Inside of a week we went from endless rain and snow to rain and no snow and also an ever-present lingering threat of meaningful double-digit temperatures. Today was supposed to be twelve and it barely made it to eight, and we wore our coats on our lunchtime walk up the road and back again. I finally finished the mending pile, as I was angry about not being able to garden. Not quite yet. The snow's been gone for two whole days, Jesus.
It's been twenty-four hours since my last meltdown. I fired a kiln full of porcelain goodies today. I plan to make it all pastel and pretty and simple instead of my usual over-complicated plans and glaze for days. I feel as if this winter and spring is an existential crisis in full bloom and I keep thinking I'm through the worst and then I slide back to square one.

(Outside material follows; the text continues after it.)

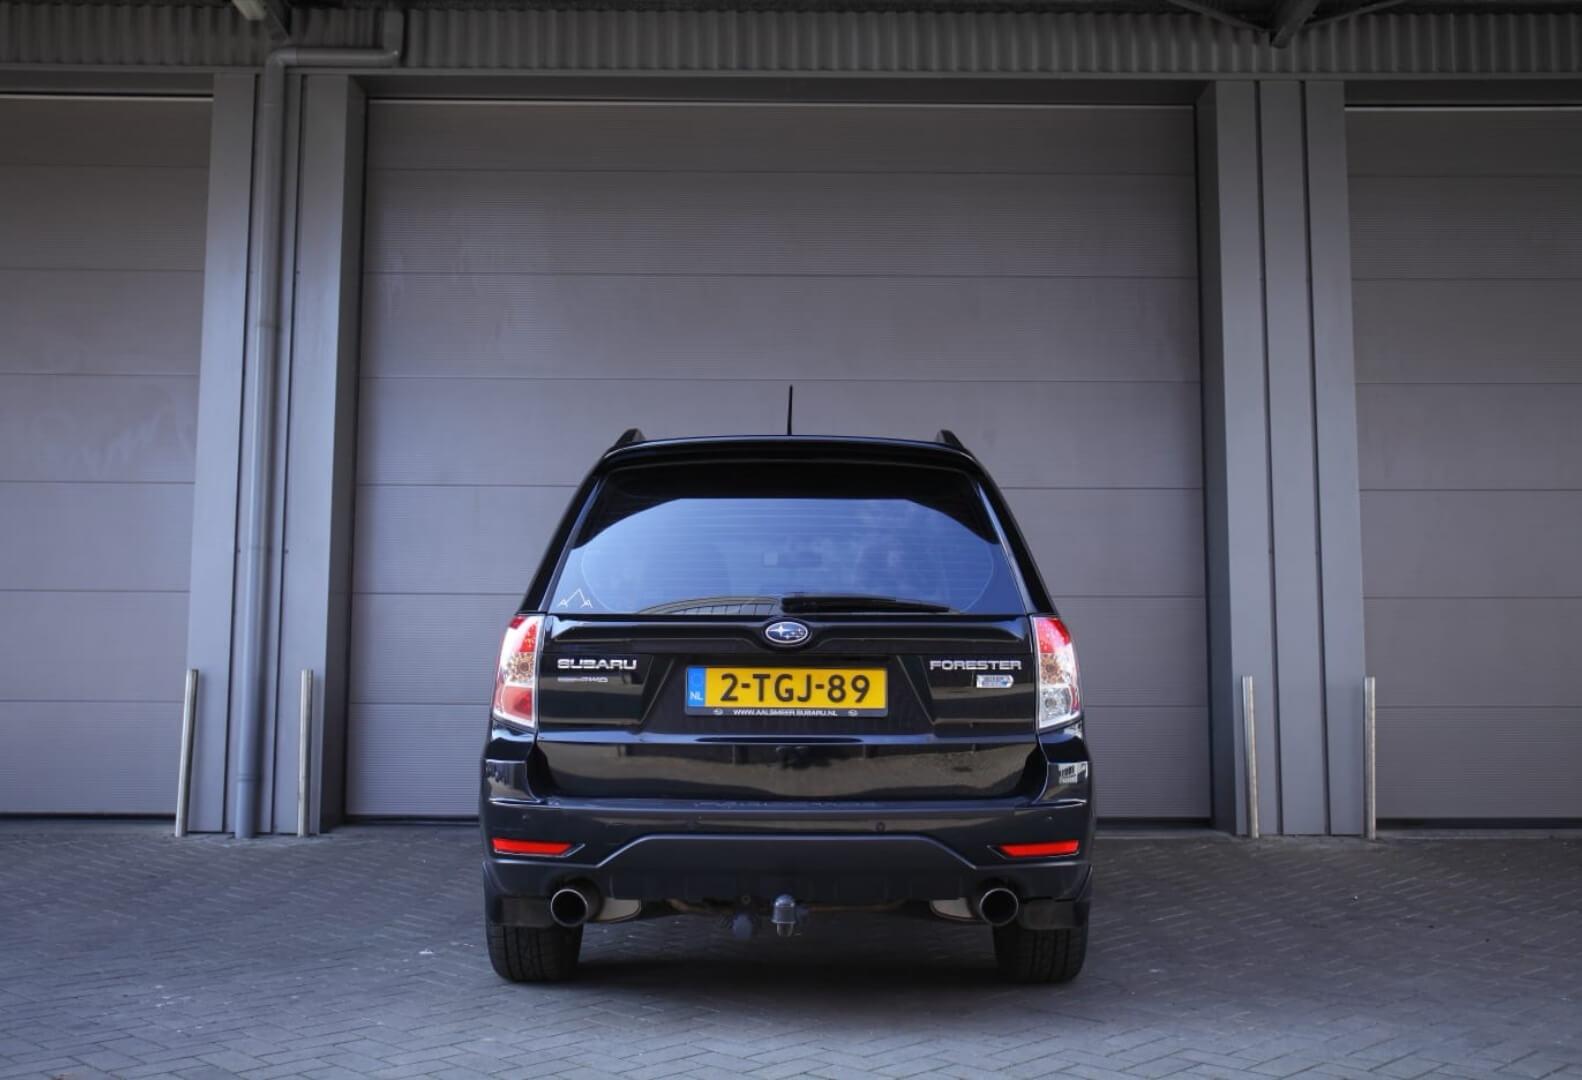 Subaru Forester back – by Next Level Automotive – Go to nextlevelautomotive.eu

Lochlan laughs at me in his rueful way. Always one-quarter disapproving and three-quarters encouragement, the whole part that I ignore and we argue about nothing and forget about the fight a minute later. I want to be a cowboy, thanks to Yellowstone but I want Costner's (sorry, John Dutton's) job of telling everyone what to do and being menacing but graceful, and spewing some cute little devastating quotes that stick in Bridget's head for days. We've assigned characters to everyone in the house and it's become hilarious here as we limp towards the end of Season four.
Will we finish it? Who knows? I had to drop everything and watch the Gabby Petito edition of American Murder. Oh my God. Was Brian Laundry a forty-year-old loser or what? Yes I know he wasn't that old but what a weirdo. Like he wanted to be his own cult but his mommy issues were too great. His parents raised him in their image, I guess. If Henry killed someone I wouldn't help him dig a grave, JESUS ROBERTA. I would drag him down to the station myself. But let's be real, he would probably call me from there, because he does the right thing, which one should. I don't know. Call me a hypocrite if you will. I was up to some insane shit in my early twenties too, but not MURDER.
Yeah so it's been a fun twenty four hours trying to act natural and even keeled and normal. You know me, those descriptors aren't even on my radar. I did some tax stuff. Ha. Only a little, don't worry.
I did some spring cleaning. Also only a little. The older I get the more I realize my OCD and my anxiety are both leaps and bounds worse than I ever could have imagined but I'm also high-functioning about it, so there you go.
I had a nice call today too from Batman, who said I should come over for hot chocolate tonight because while he was shopping he saw maple-flavoured marshmallows and bought some for us to have in our weekly hot talklot (which is what we call it).
I'll let you know how they are tomorrow.